◆ Work order
No pictures in the copy. Write out the listing below exactly.

◆ Given information
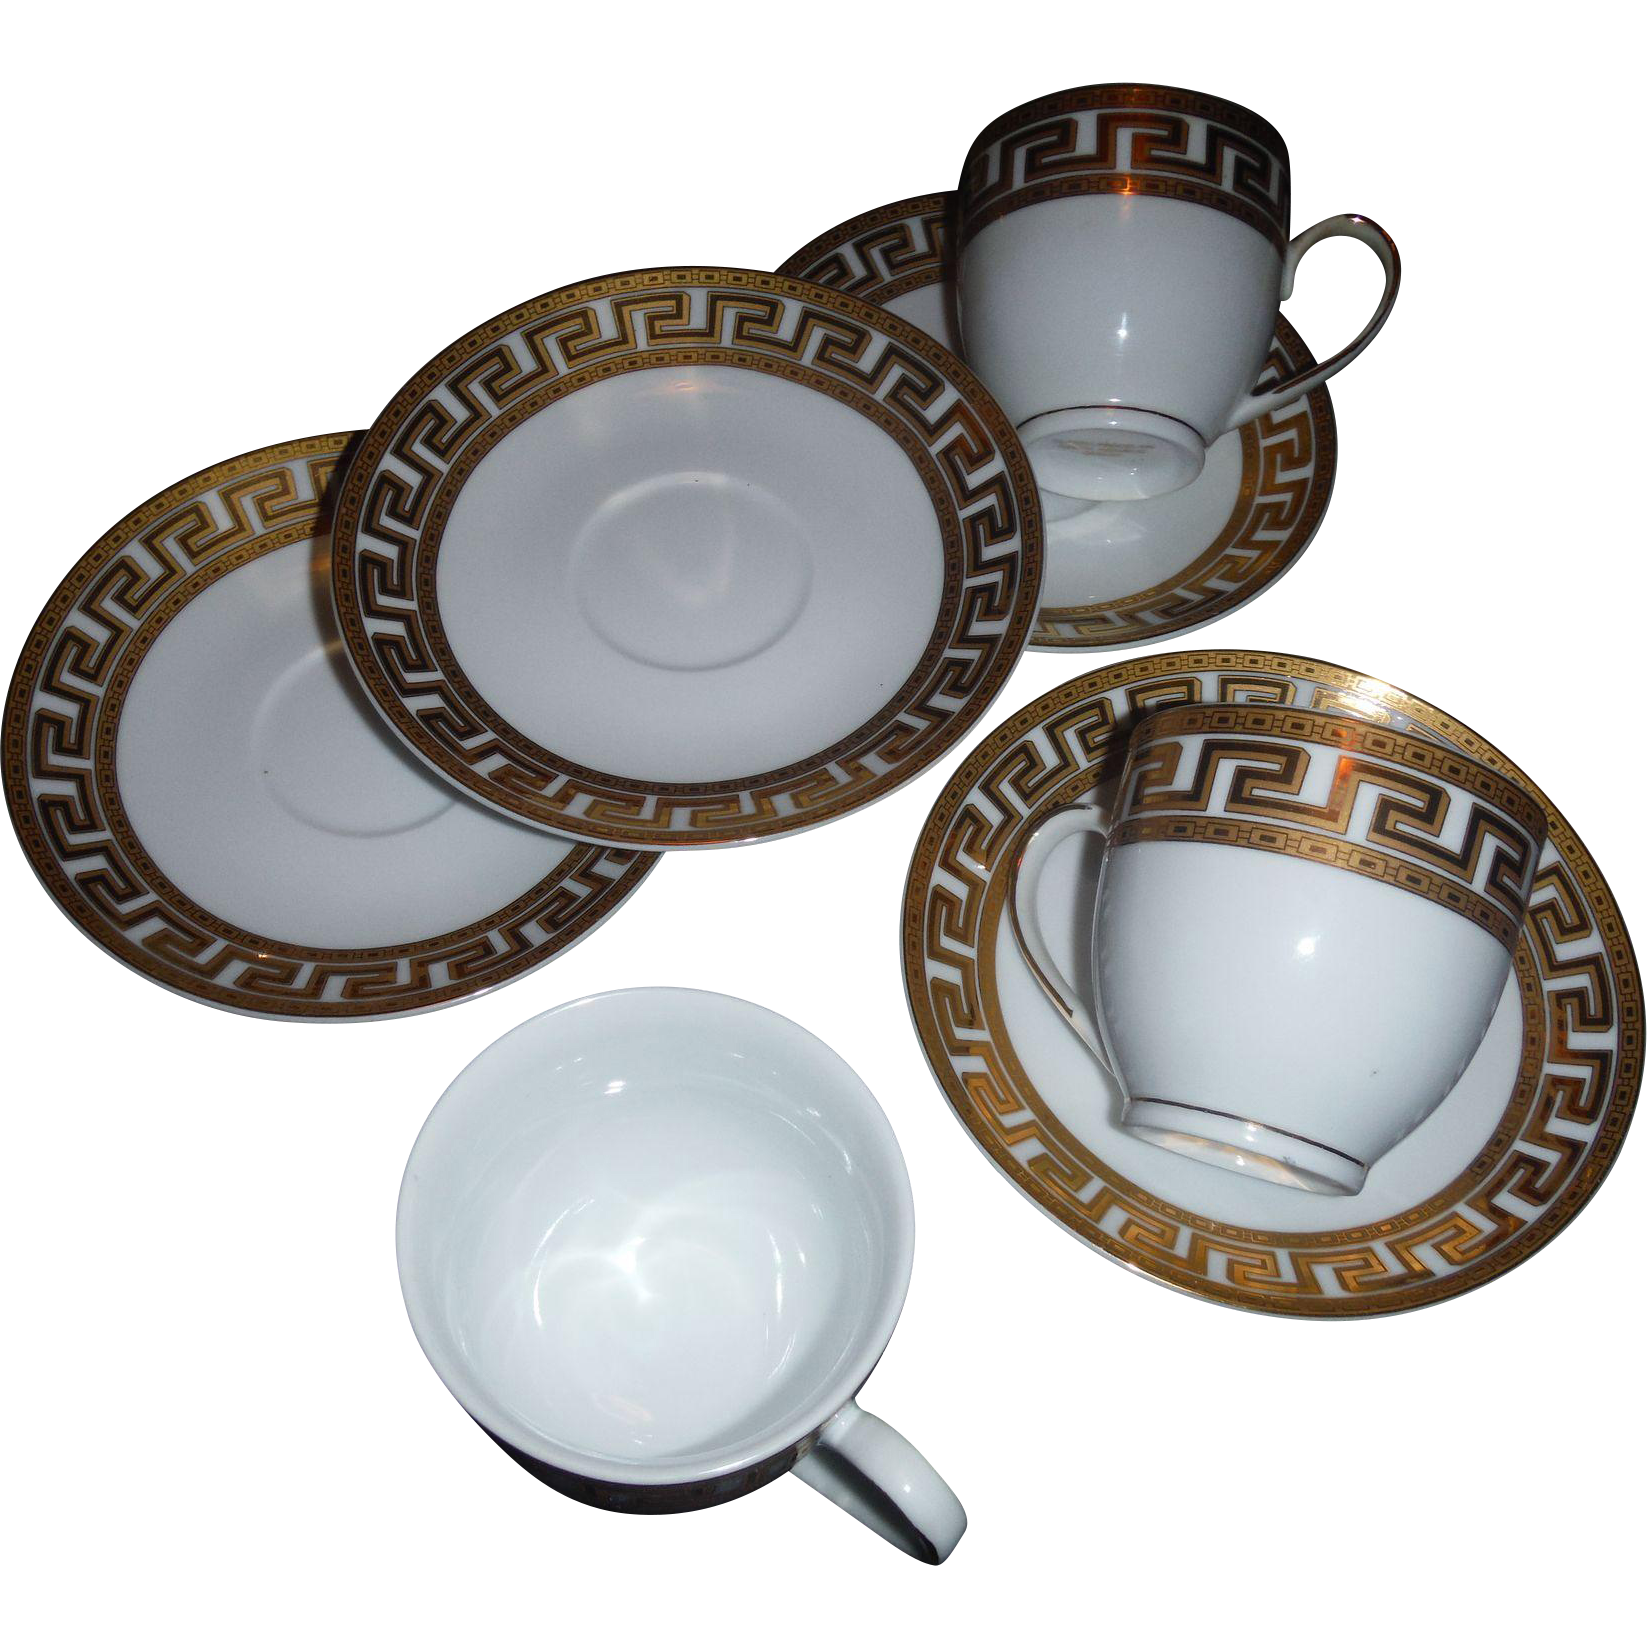 Key Art Design : Greek key art deco design cups and saucers sold on
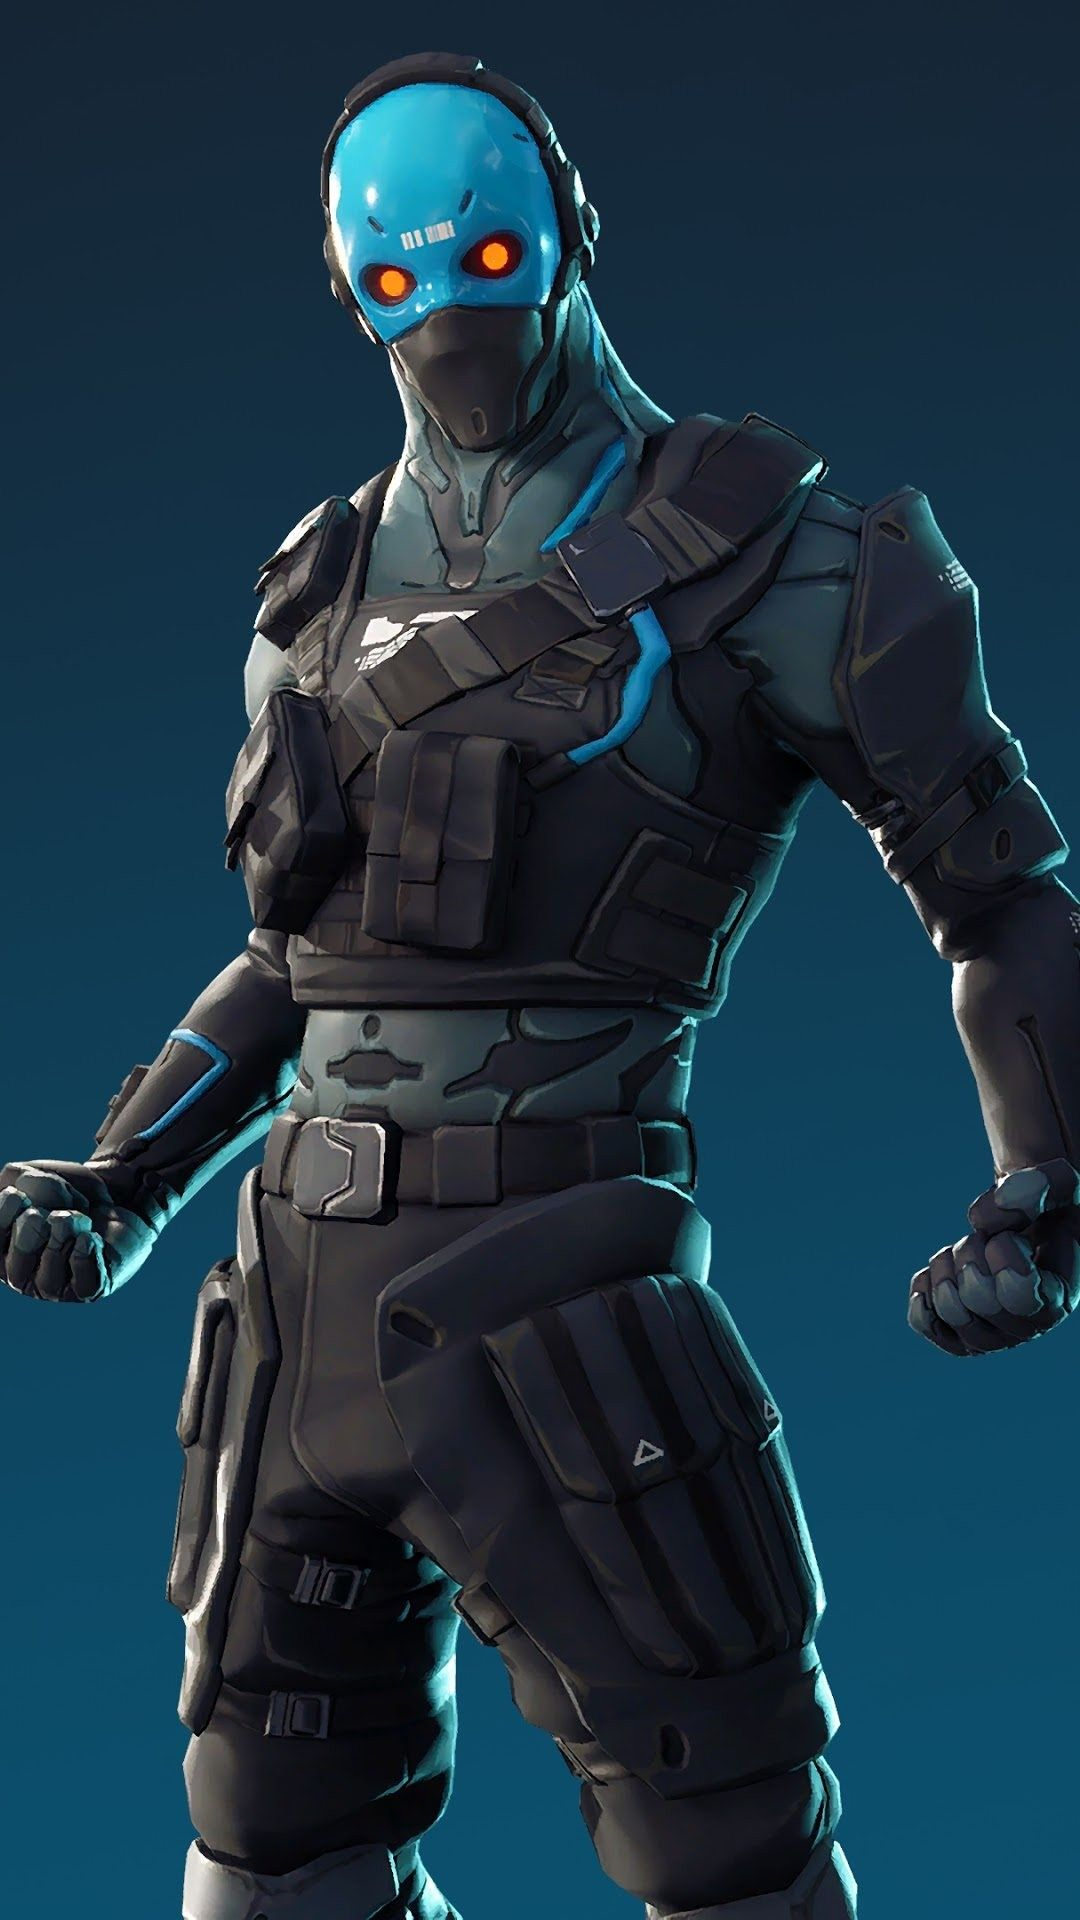 Cobalt Game Store Fortnite Epic Games
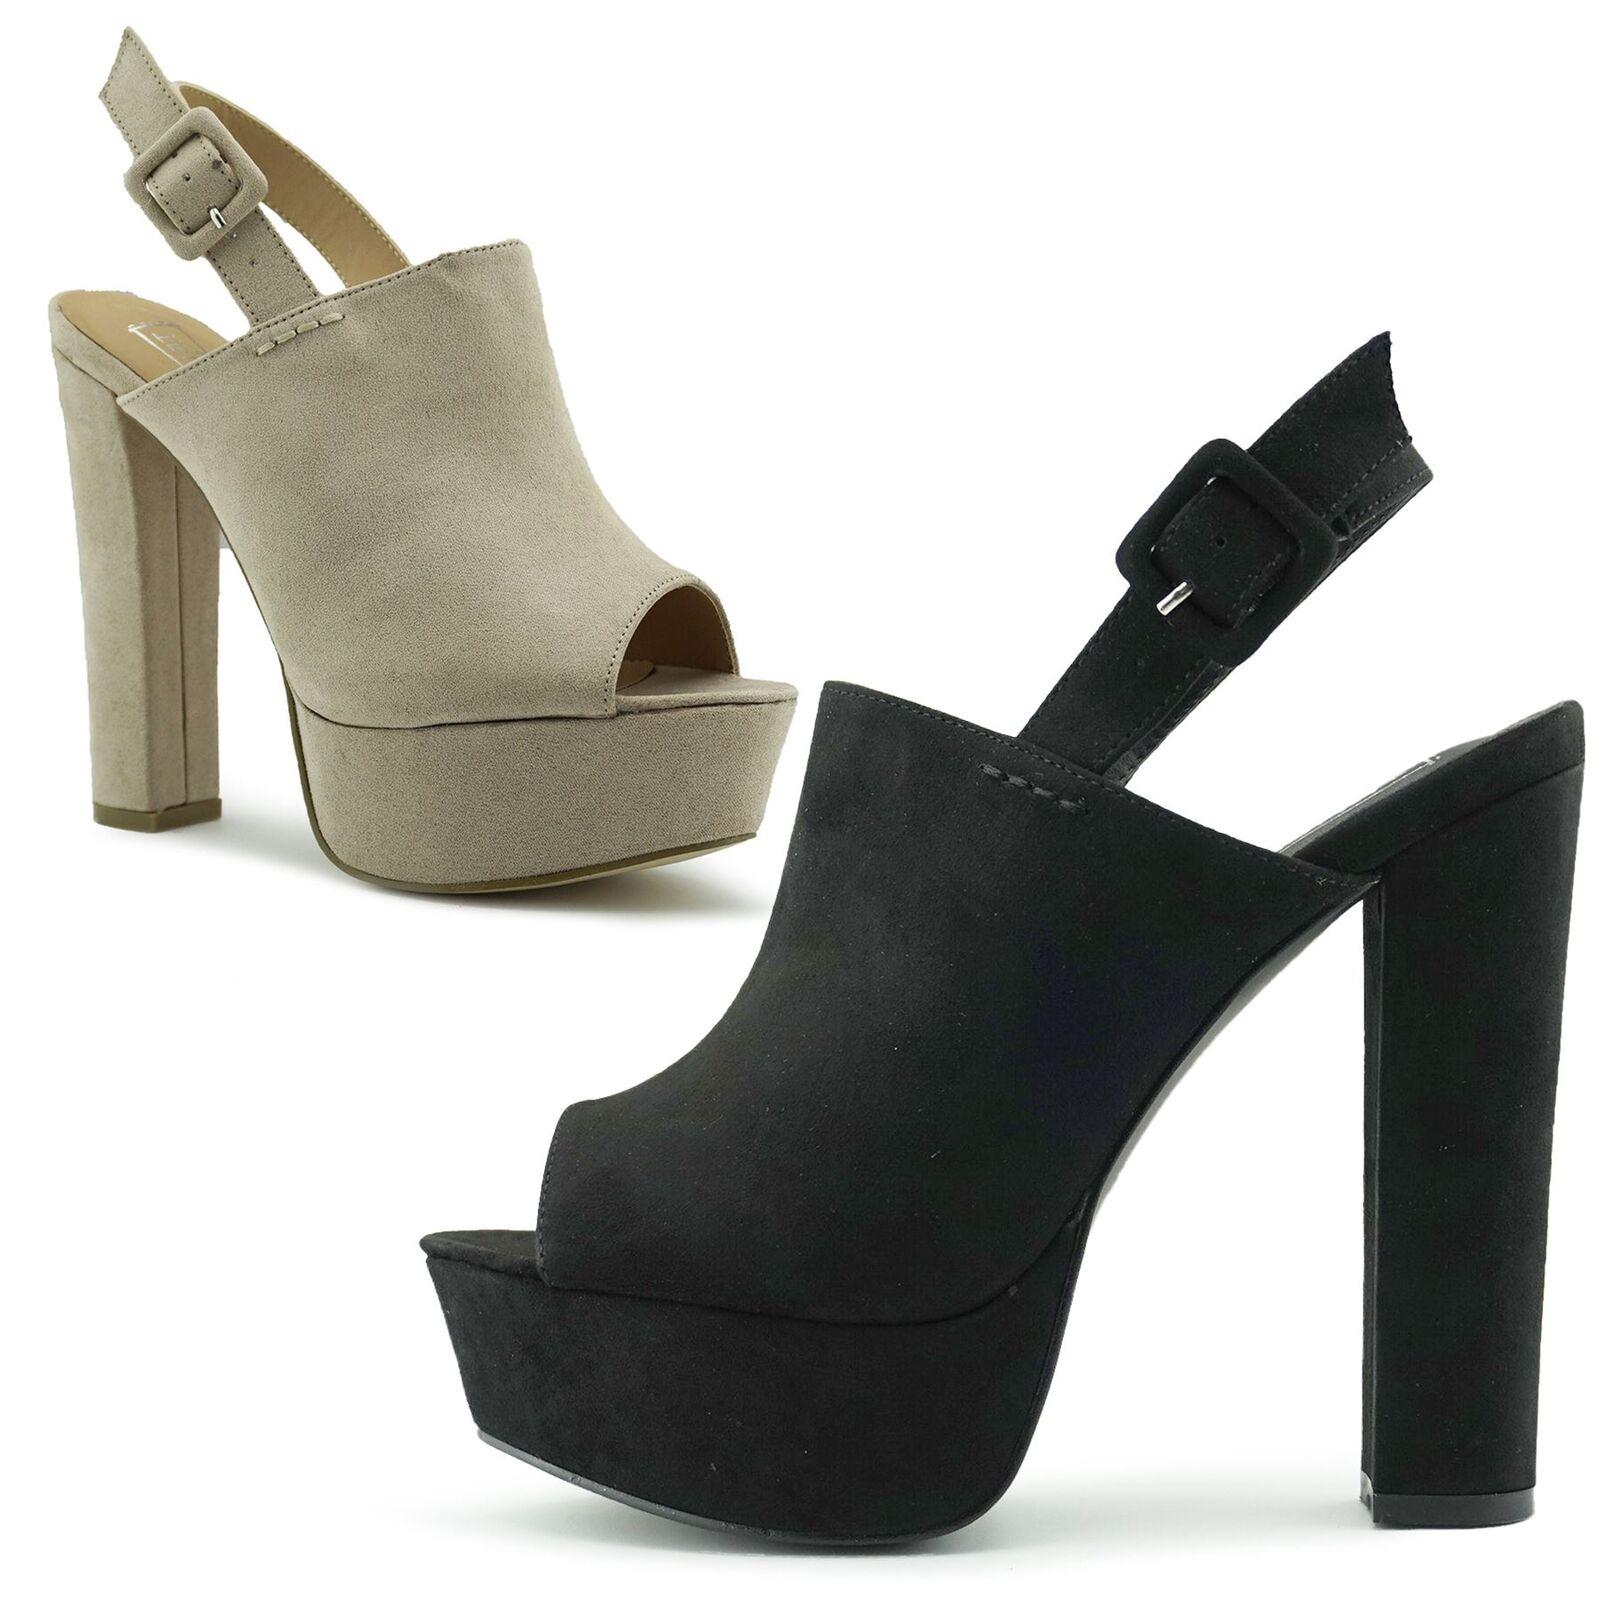 78aa601b479 New Women's Cleated Platform shoes Platform Peep High Heel Toe ...

◆ Result below
 Key Art Design : Greek key art deco design cups and saucers sold on
 Cobalt Game Store Fortnite Epic Games
 78aa601b479 New Women's Cleated Platform shoes Platform Peep High Heel Toe ...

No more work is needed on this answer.